But responding to Ali’s comment that some of the foreign rice brought into Nigeria had expired and were re-bagged for sale to Nigerians, the Director for Food Safety and Applied Nutrition, NAFDAC, Mr Sheriff Olagunju, said on Thursday during an interview with one of our correspondents that “when a thing is smuggled, it means it has not passed through the regulated channels.”


He added, “That means we have not seen it. That is why we discourage people from consuming anything that we have not certified. So, anything that is smuggled, whether rice, chicken or anything, as long as NAFDAC has not evaluated it, we cannot vouch for the quality or safety of those products.”


When asked if there was expired rice in circulation as said by the Customs boss, the NAFDAC director said the agency would not be able to affirm or deny such unless evaluation had been done, adding that NAFDAC would not be able to make any sweeping statement without carrying out any test.

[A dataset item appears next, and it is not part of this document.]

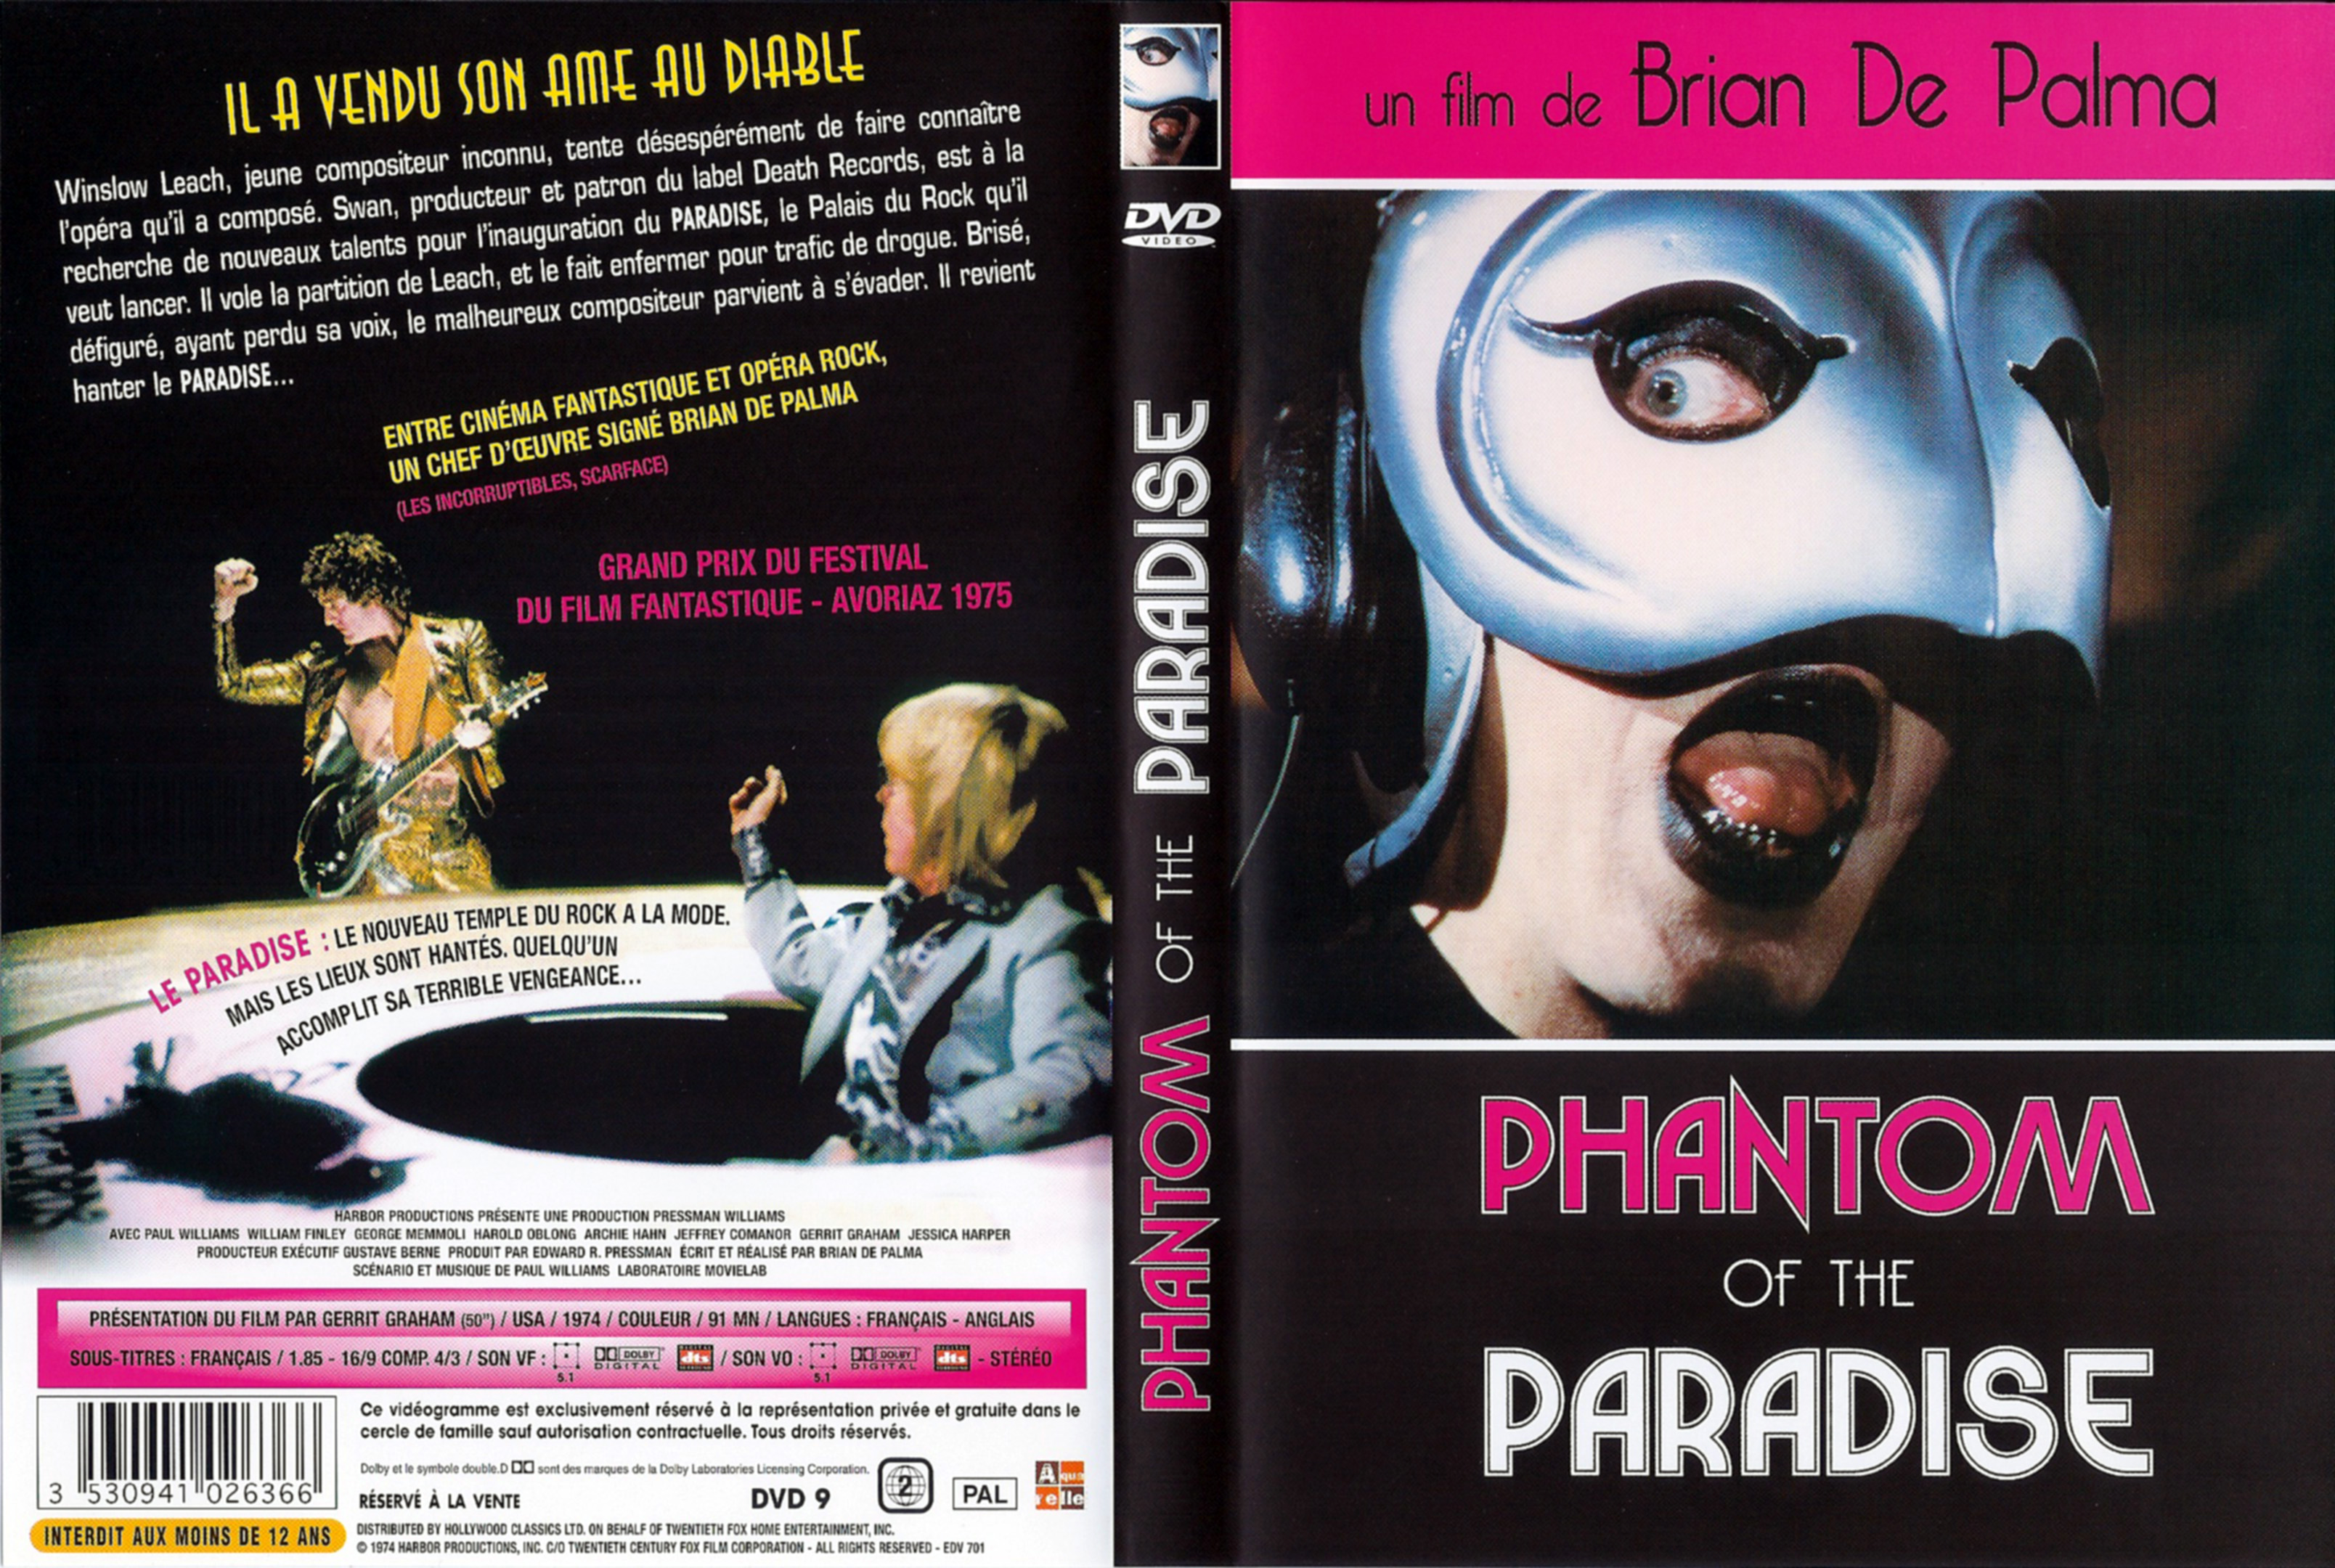 Jaquette DVD Phantom of the paradise v3

Olagunju added, “If anything is smuggled, it will not pass through NAFDAC. If it passes through the regular channel, we wouldn’t allow it to pass through if it is expired. However, we are all aware of the fact that borders are very porous, so we cannot rule out the possibility of some of these products slipping into the country.


“NAFDAC only makes pronouncements after scientific evaluation. So, we cannot comment on something that we have not evaluated. That is our position because everything we do at NAFDAC is based on science, not speculation.


“We cannot just say on the face of it that a thing is bad. Customs may have seen it but if we have not seen it, we cannot say this or that until we have done evaluation.”


Patronise locally-made products, Buhari tells Nigerians


President Muhammadu Buhari on Friday called on Nigerians to continue to patronise locally-made products and services to grow the nation’s economy.


Speaking while declaring open the 2019 edition of Lagos International Trade Fair organised by the Lagos Chamber of Commerce and Industry, Buhari stated the Federal Government was committed to its mandate of providing assistance that would guarantee the growth of the Micro, Small and Medium Enterprises. The fair is to run till November 10 at the Tafawa Balewa Square.


News Agency of Nigeria quoted the President, represented by the Minister of State for Industry, Trade and Investment, Mrs Mariam Katagum, as saying, “I want to use this opportunity to reiterate my call for Nigerians to patronise made-in-Nigeria products and services.


“We must accept our new reality of promoting locally-made products as it is evident that this is where our New Nigeria will be realised. That is why I have constantly emphasised that we must be a nation where we grow what we eat and consume what we produce.


“This has wonderfully led to a massive nationwide agricultural re-awakening which without a doubt remains our most viable option for economic diversification as a government and nation.”


Meanwhile, the Governor of the Central Bank of Nigeria, Mr Godwin Emefiele, says if the closure of the border is sustained for the next two years, it is capable of tackling all the security challenges currently being experienced in the country.


Speaking at the first convocation lecture of the Edo University, Iyamho, on Friday, Emefiele stressed that issues of insurgency, banditry and kidnapping would be totally eradicated if the closure is sustained.


He added that if the youth in these vices were gainfully engaged in meaningful activities, the insecurity would reduce to the barest minimum.


The governor, while responding to questions after his lecture titled, ‘The role of monetary policy towards economic growth in Nigeria,’ said, “I can tell you that if our borders remain closed for two years, the issue of Boko Haram, kidnapping, banditry and ‘Yahoo-Yahoo’ (Internet fraudsters) will stop.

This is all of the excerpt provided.